Implementation of Django Celery asynchronous task queue

  • 2021-07-26 08:13:15
  • OfStack

Background

In development, we often encounter one time-consuming task, for example:

Upload and parse an Excel file with 1w data, and finally persist it to the database.

In my program, this task takes about 6s, and the 6s wait is already a disaster for users.

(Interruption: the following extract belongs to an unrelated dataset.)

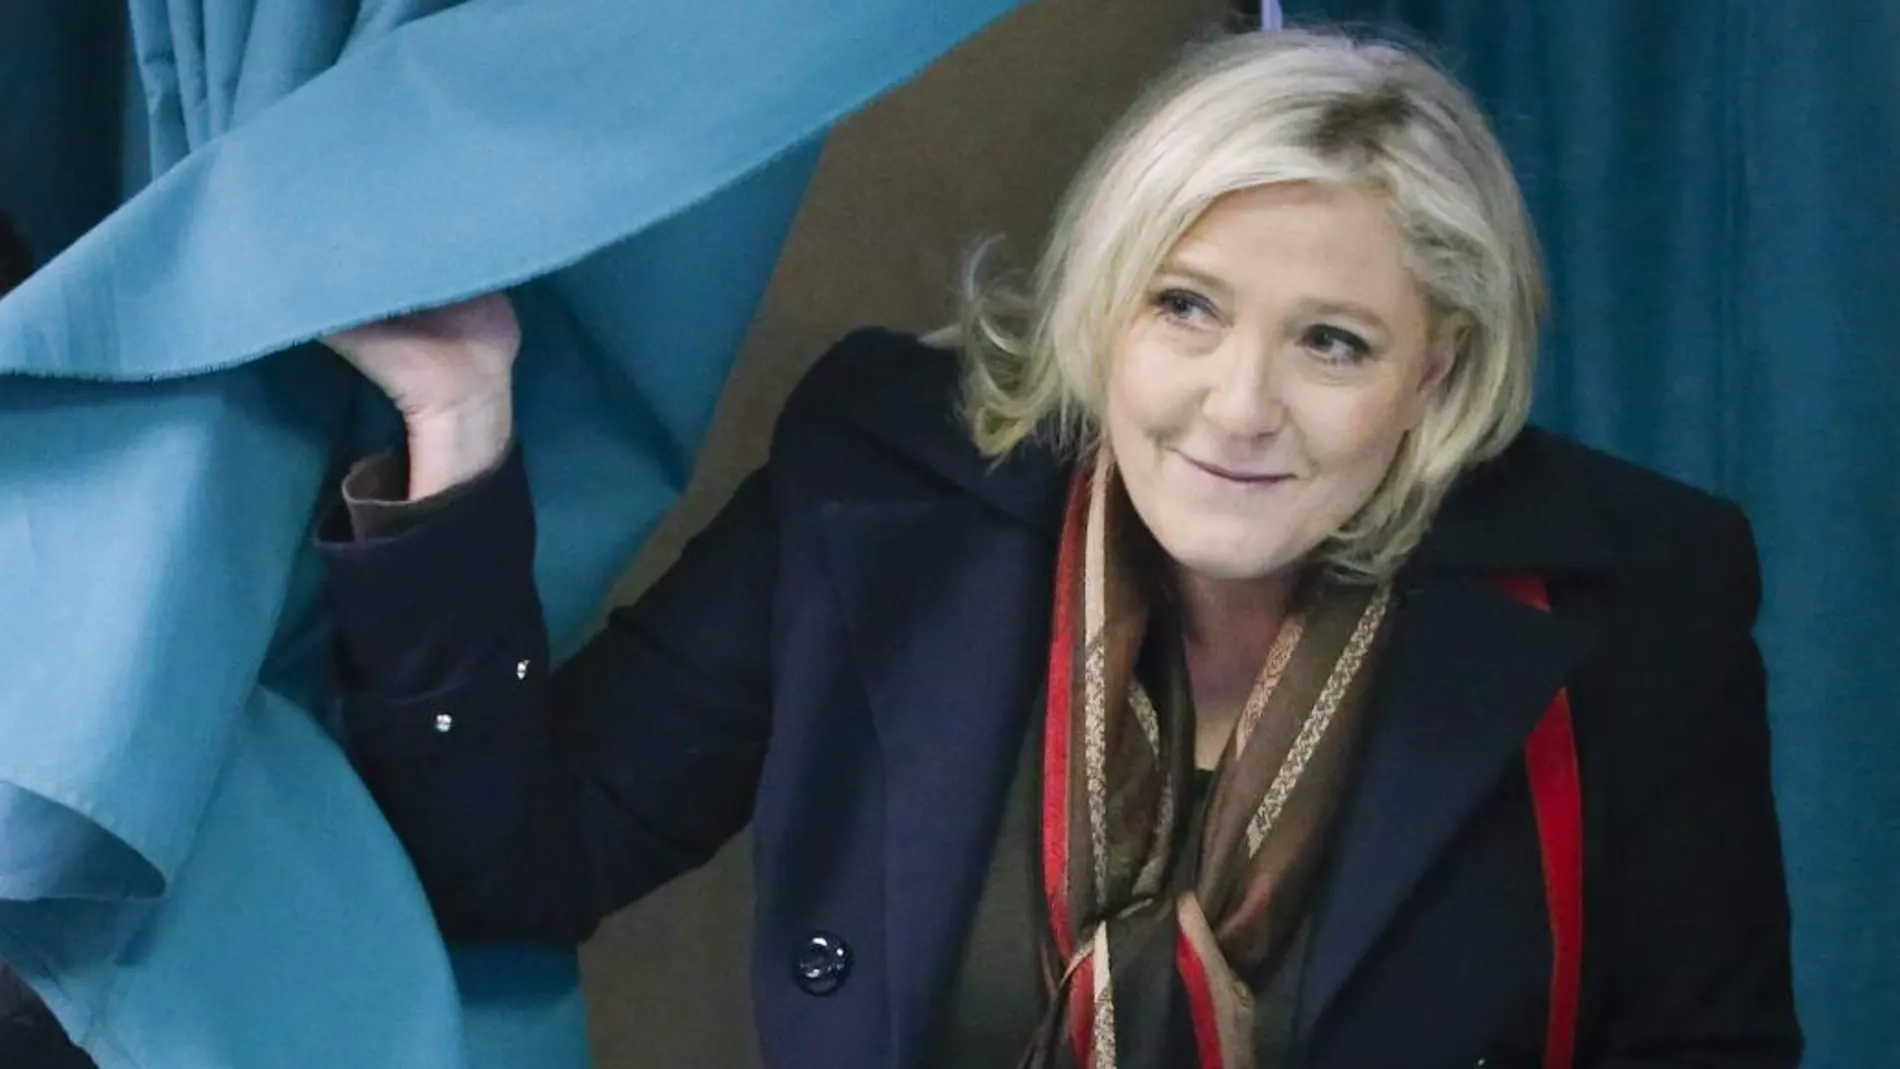 La líder del Frente Nacional, Marine Le Pen, abandona el colegio de electoral de Henin-Beaumont, en el norte de Francia, tras votar.

A better way to deal with it is:

Receive a request for this task Add this task to the queue Immediately return the words "Operation succeeded, processing in the background" The background consumes this queue and performs this task

According to this idea, we implemented it with the help of Celery.

Realization

The environment used in this article is as follows:

Python 3.6.7 RabbitMQ 3.8 Celery 4.3

Installing RabbitMQ with Docker

Celery relies on a message back-end, and the optional schemes are RabbitMQ, Redis, etc. RabbitMQ is selected in this paper.

At the same time, for the convenience of installation, I directly use Docker to install RabbitMQ:


docker run -d --name anno-rabbit -p 5672:5672 rabbitmq:3

After successful startup, the message queue can be accessed through amqp://localhost.

Install and configure Celery

Celery is a tool implemented by Python, and installation can be done directly through Pip:


pip install celery

At the same time, assume that the current My Project folder is proj, the project name is myproj, and the application name is myapp

After installation, create an celery. py file under the proj/myproj/ path to initialize the Celery instance:

proj/myproj/celery.py


from __future__ import absolute_import, unicode_literals
import os
from celery import Celery, platforms

# set the default Django settings module for the 'celery' program.
os.environ.setdefault('DJANGO_SETTINGS_MODULE', 'myproj.settings')

app = Celery('myproj',
       broker='amqp://localhost//',
       backend='amqp://localhost//')

# Using a string here means the worker don't have to serialize
# the configuration object to child processes.s
# - namespace='CELERY' means all celery-related configuration keys
#  should have a `CELERY_` prefix.
app.config_from_object('django.conf:settings', namespace='CELERY')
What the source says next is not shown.